Cuando el carácter humano cambió. [Café Perec] 25 enero 2022

class_photoGran avalancha de textos sobre el centenario del Ulises de Joyce, incluso en nuestro país. En todas partes se proclama que 1922 fue “el año que cambió la literatura”. En noviembre murió Proust. Y en febrero había aparecido en París el Ulises “apilado en la librería de Sylvia Beach, como dinamita en bodega revolucionaria”, escribió Cyril Connolly. Por su parte, Eliot –el poeta que logró lo más difícil del mundo: hacerse pasar por un inglés– publicó su obra cumbre La tierra baldía.

Pero Christopher Domínguez Michael en Letras Libres nos recuerda que Virginia Woolf situó el cambio doce años antes del Ulises: “Hacia diciembre de 1910, el carácter humano cambió”. Del mismo modo que el arte paleolítico modificó nuestra mente, Woolf parece sugerir que la “nueva ficción” lo estaba cambiando todo. Su frase la suscribiríamos muchos, y más ahora que, a la velocidad de la sombra, todo cambia más que nunca y ni siquiera nos deja ya pasmados. Es más, a la vista del caos general, uno piensa que ahora se podría acuñar una frase parecida diciendo que este enero de 2022 el carácter humano ha vuelto a modificarse, aunque en este caso para hundirse en un retroceso.

Si quisiéramos olvidarnos, aunque fuera por un momento, de esta cuesta abajo, podría bastarnos con rescatar cualquier frase de Petersburgo, de Andrei Biely, la revolucionaria novela que se adelantó seis años al Ulises. Editada en tierra rusa en 1916, Petersburgo, con su voluntad de transformación literaria absoluta, estuvo circulando como leyenda cincuenta años entre los lectores europeos, aunque sólo empezó a ser leída en 1967 gracias a una inmejorable traducción al francés y también, por supuesto, a que en 1975 Nabokov la situó entre “una de las cuatro obras maestras de la prosa del siglo”

Escribe Biely en Petersburgo que el hombre es un vestigio de otra cosa y que lo visible no es sino un resto de lo invisible, lo que explicaría que a ese hombre lo hayamos visto más de una vez cambiar de carácter y también que Petersburgo (Akal, 2018) sea una novela que se abre a muchas interpretaciones: mística, metaficcional, psicoanalítica, propuesta de espiritualización de la vida, historia de un parricidio y novela policiaca y política, con dinamita en la bodega también.

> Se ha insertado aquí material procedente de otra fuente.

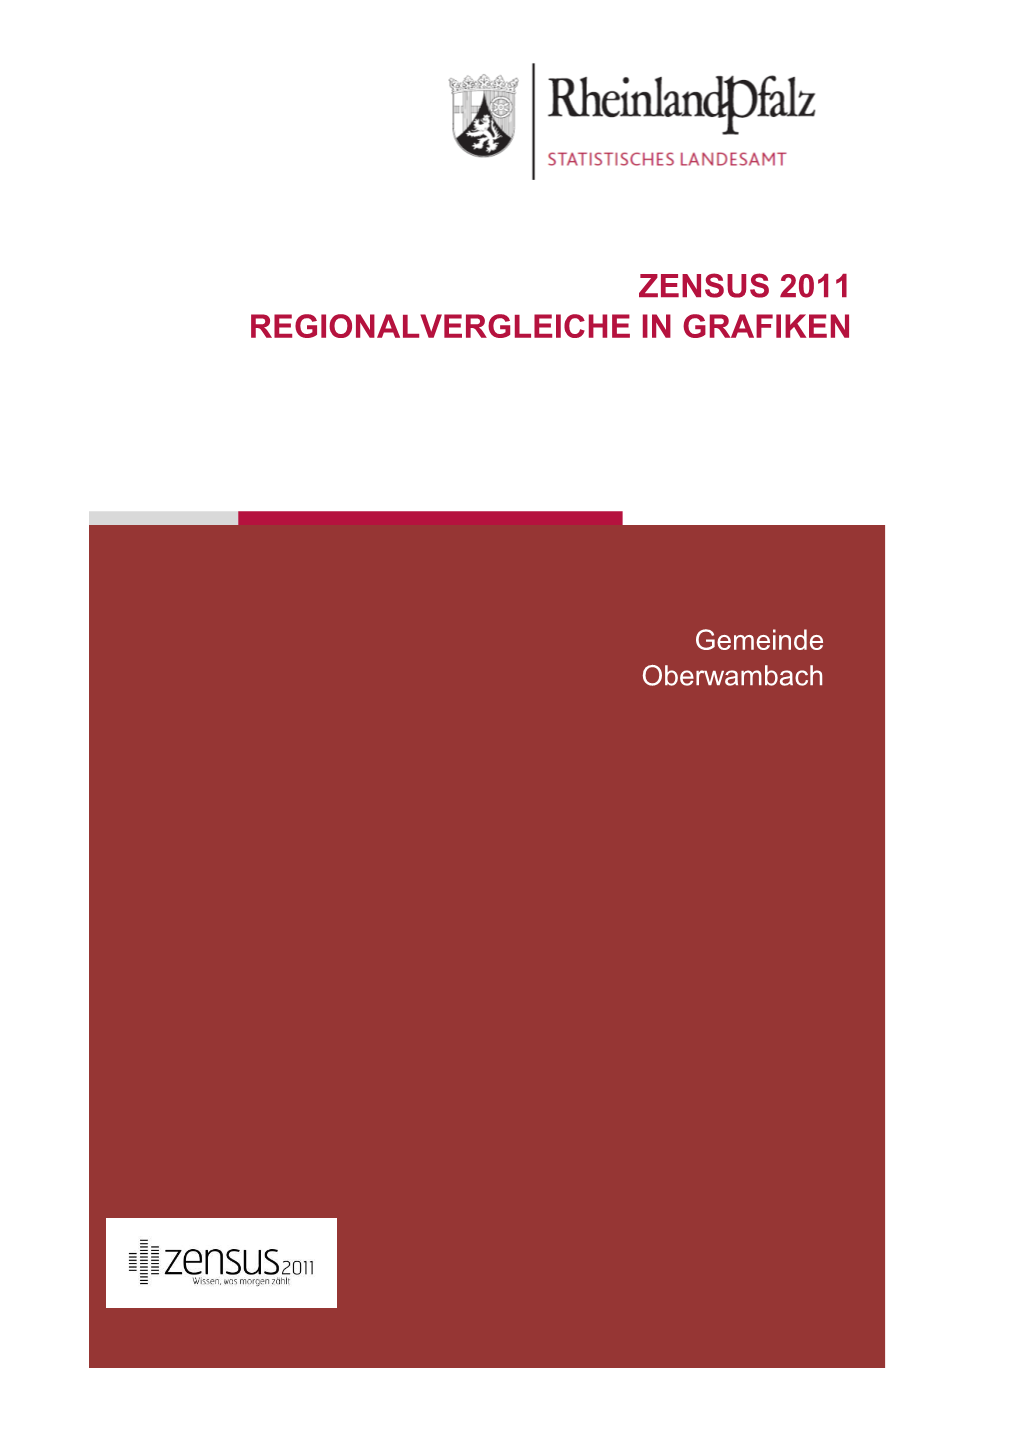 Regionalvergleiche in Grafiken Am 9. Mai 2011, Oberwambach

La trama nos presenta al joven Nikolai Apolónovich al que el Partido, aprovechándose del odio que le tiene a su padre, el senador zarista Apolón Apolónovich Ableújov, lo induce a ponerle una bomba en su despacho, un artefacto oculto en una lata de sardinas (humor cervantino). Y, a partir de aquel momento, el tic tac de la bomba desgrana el suspense y el horror que emite la protagonista real de la novela, Petersburgo, ciudad infernal, metrópoli agrietada, boca de sombra sibilina por la que habla el abismo. Como dice Pedro B. Rey, la presencia de la ciudad, ese monstruo palpitante y anónimo, es lo que parece vincular a Petersburgo con Joyce, aunque luego se pregunta, nos preguntamos, si no será al revés. El artefacto de Biely no puede deberle nada, claro está, a un Ulises que todavía estaba por venir.